Camille Poliquin of Milk & Bone has a hell of a voice, and in that group, with its minimalist electronic palette, it is always front and center. In her recorded output as KROY so far, Poliquin hasn't necessarily indicated a huge departure from that approach—one of her first releases was a cover of Adele's "Hello"—but in her live show she becomes transformed, an avatar of a bigger sound. KROY takes on a surprisingly expansive tone live, swelling in huge melodic synth crashes and lingering on basslines. Poliquin's voice keeps pace with them, but it doesn't have to be the main attraction. With so many festival organizers in attendance at M, festival booking was on my mind, and I imagine KROY would be a hit in that setting, a perfect union for the kids looking for fist-pumping bass and the ones looking for an introspective vocalist. Poliquin likes to tout her goth instincts, but KROY is too high energy for that label in a strictly historical sense. If the new new wave sounds like this, we're in good shape, though: Black clothes would look pretty cool with some glowsticks as accent pieces.

Zen Bamboo

I first met some of the members of Zen Bamboo, Simon and Xavier, two nights before their show. We were all waiting to see Greys upstairs at Café Cleopatre, the aforementioned strip club, and they seemed to be just about the only guys in the room still full of energy at 2 AM. They excitedly cornered me and told me about their band—"it's a great story, some young French Canadian guys!"—before diving into the mosh pit for Greys when the set started. Let me rephrase that: They were, the two of them and later their band manager, the entirety of the mosh pit, headbanging and pushing at each other in the space between two tables at the front of the tiny crowd. You couldn't help but admire the enthusiasm.
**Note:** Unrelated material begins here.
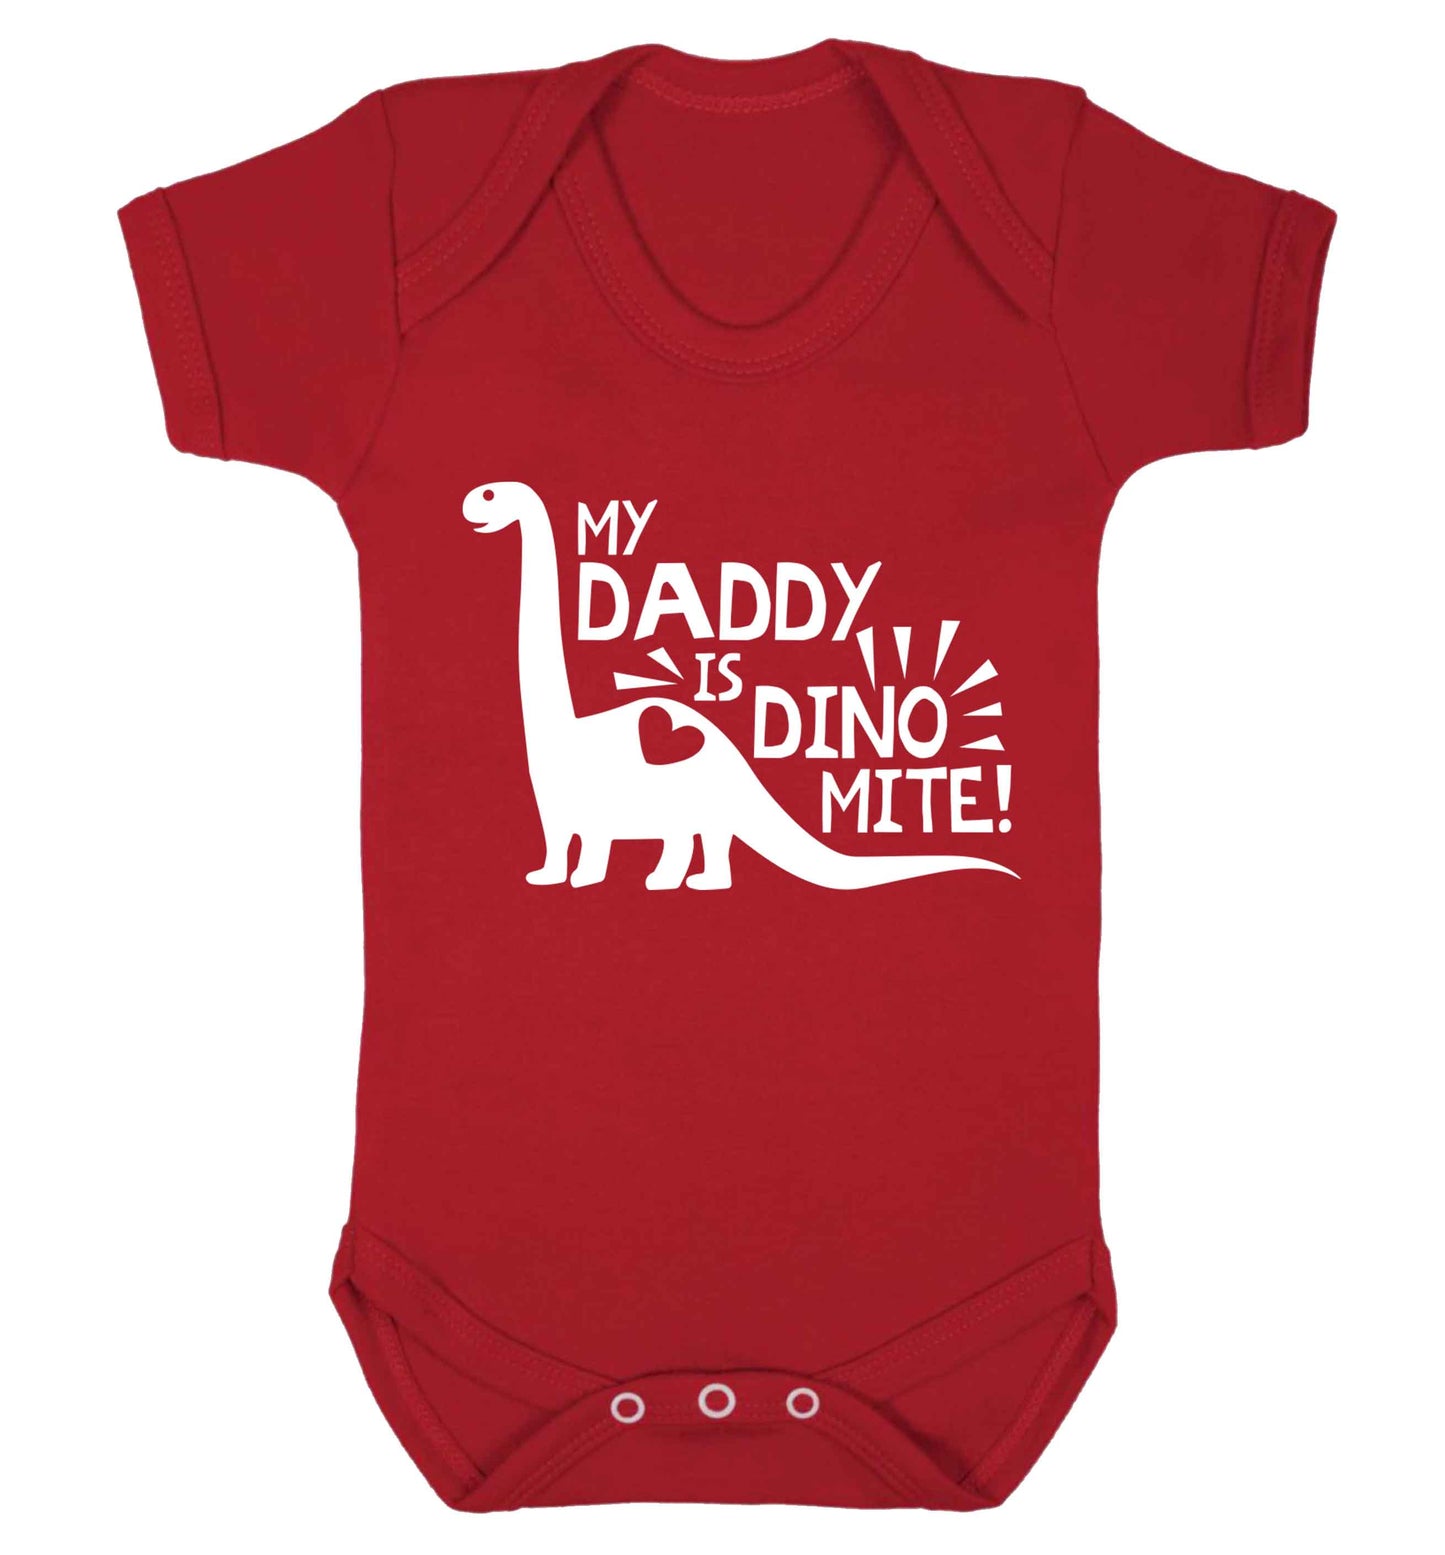 My daddy is dinomite! Baby Vest red 18-24 months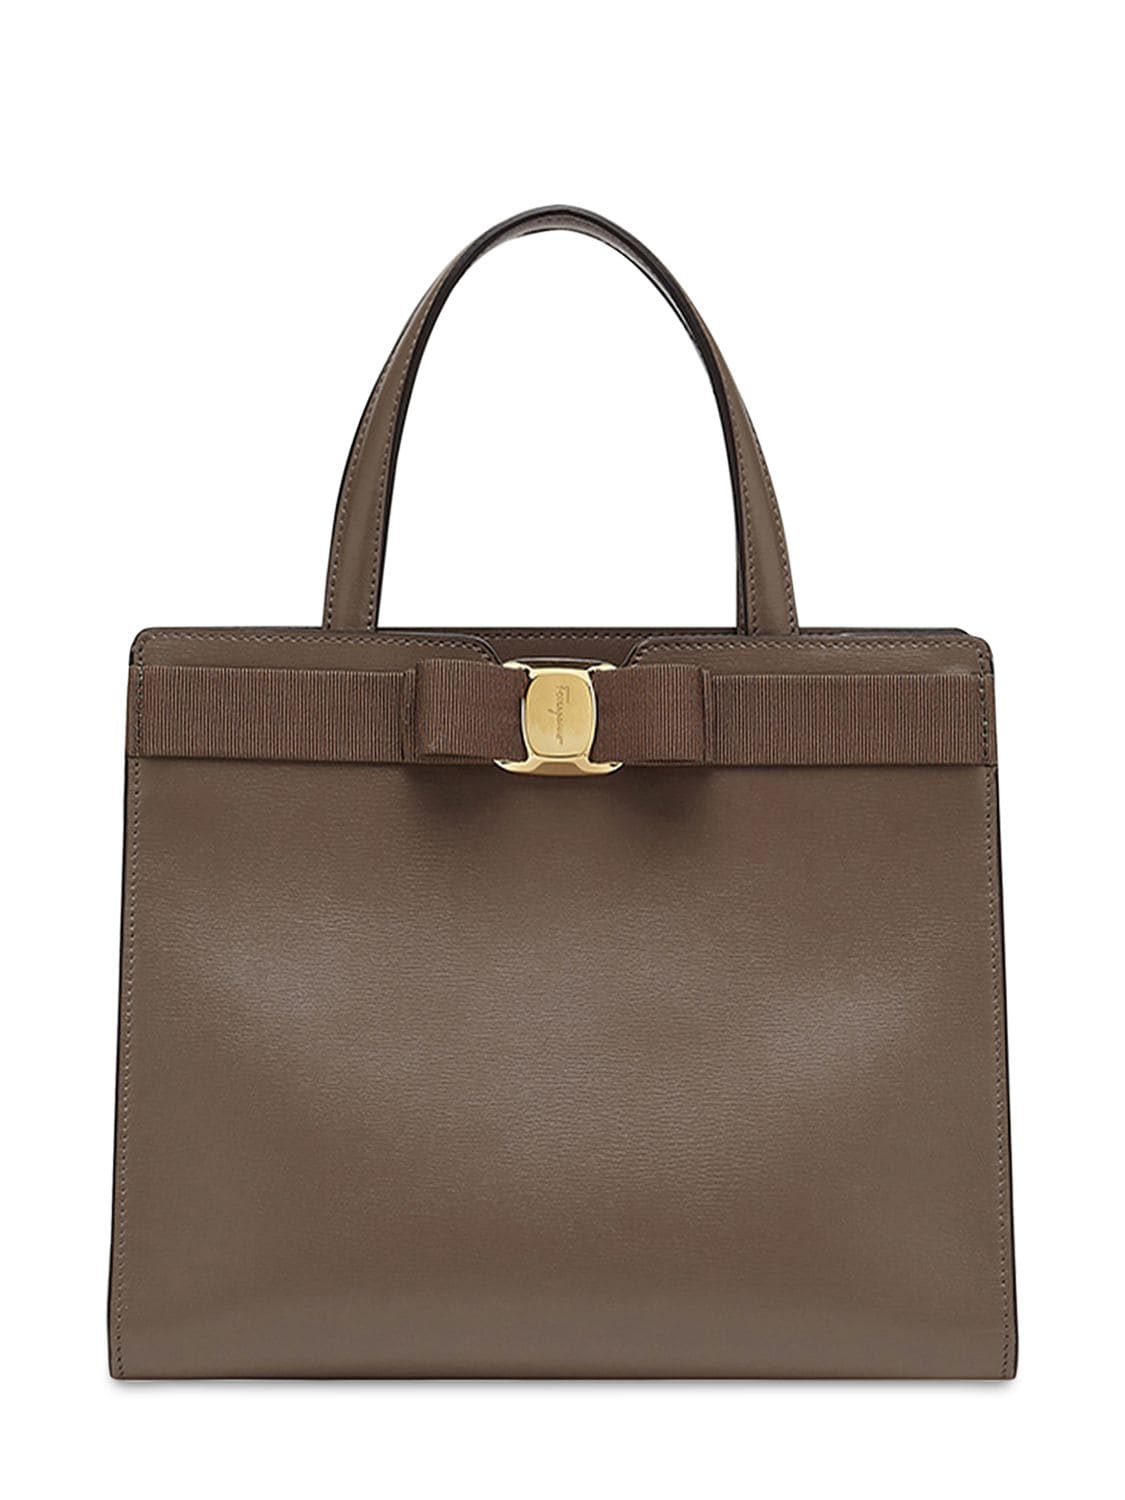 Salvatore Ferragamo New Vera Leather Top Handle Bag In Caraway Seed ...

Two days later, I caught their set, which was by far the most charming of the festival. Simon stepped up to the mic and introduced the band by saying, "We're 19 years old and, yes, we still live with our parents." Then they ripped into a set of blistering garage rock with such goofy joy that watching them felt like rediscovering the sound. Between songs, Simon offered endearing explanations, describing one song as a story of what would happen to Jesus if he came to America in 2016 (racial profiling at the border) and another as the band's "feminist anthem." He explained some songwriting philosophy by invoking a coffee table book of rock star tips from the lead singer of Simple Plan: "the first trick is you end the song with a 'yeah.' So that's what we did." He shouted out the drummer as just "Chaos." By the time they got the last song—about "World of Warcraft et le vrai amour" (World of Warcraft and true love)—the entire audience, including at least a few of the band members' parents, was practically in tears. Rock with a complete lack of cynicism is a beautiful thing, and that's exactly what this show was.